The aim of this review is to highlight the pivotal role of transmission electron microscopy (TEM) analysis in the diagnosis of human sperm pathologies related to flagellum and affecting motility. The analysis of sperm motility plays a central role in the evaluation of male fertility, as it is known that a high percentage of poorly motile or immotile sperm will not be able to fertilize. The study of sperm flagellum and its abnormal forms is generally carried out by light microscope with obvious technical limitations. Only the use of TEM allows for the performance of an ultrastructural evaluation of sperm flagellar assembly with a precise characterization of anomalies, also extrapolating the functional aspect.
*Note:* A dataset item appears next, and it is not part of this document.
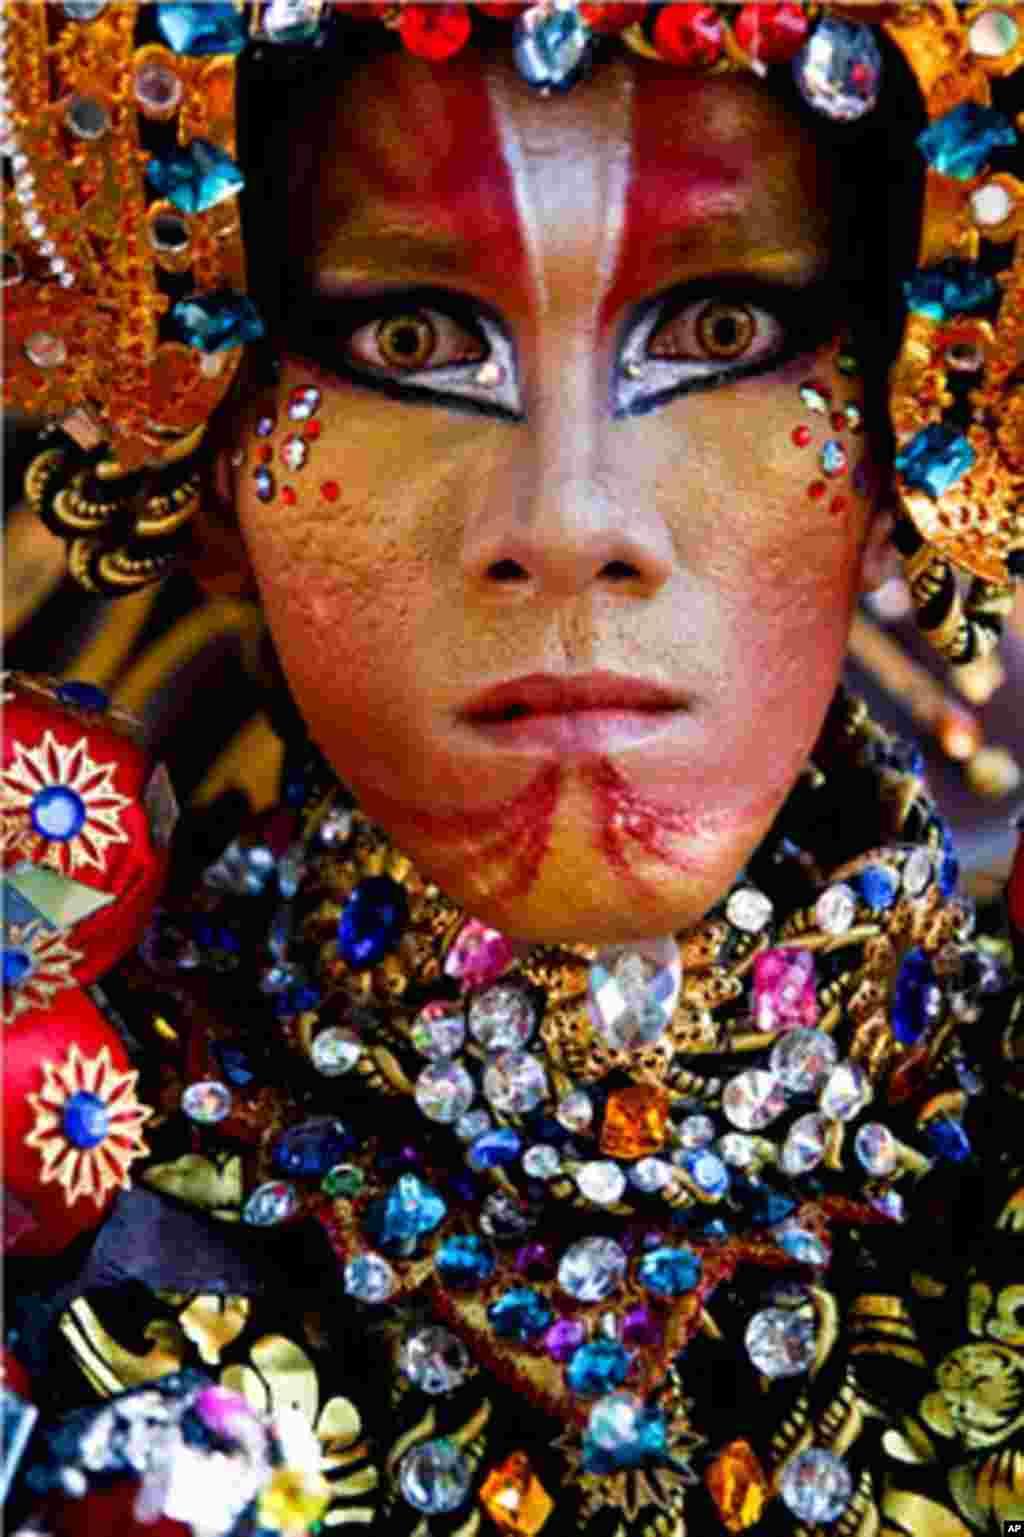 Bằng Danh Dự - Một hình ảnh của ngày Lễ Hội Thời Trang ở Jember, Indonesia năm 2011 (Ảnh: Nizar Arsyadani)

Severely reduced or completely absent sperm motility in subfertile or infertile men is associated with submicroscopic alterations in the cytoskeletal structure of sperm flagellum, in the mitochondria structure and assembly, in the axonemal pattern and periaxonemal accessory structures, such as the outer dense fibres and fibrous sheath. Sperm anomalies are classified as non-specific, or non-systematic sperm defects, or as systematic sperm defects. The first and most frequent type is related to a heterogeneous combination of randomly distributed alterations affecting the head and the tail organelles in a varied percentage in sperm ejaculate. These alterations can be related to andrological pathologies or to other endogenous or exogenous factors. Necrozoospermia, an extreme manifestation of asthenozoospermia, is, a rather rare phenomenon characterized by an increase in non-viable sperm up to the persistent presence of 100% dead spermatozoa in different ejaculates from the same patient. TEM has proved to be the only tool able to specifically characterize the morphological features of the systematic sperm defects in which an identical and specific alteration affects the vast majority of the sperm population in sterile patients. These defects tend to show family clustering and are significantly more frequent in individuals with a history of consanguinity. The most documented sperm defects of supposed genetic origin affecting the tail structures include: "Dysplasia of Fibrous Sheath", "Primary Ciliary Dyskinesia ", "Detached tail", "Absence of fibrous sheath ", "Absent axoneme".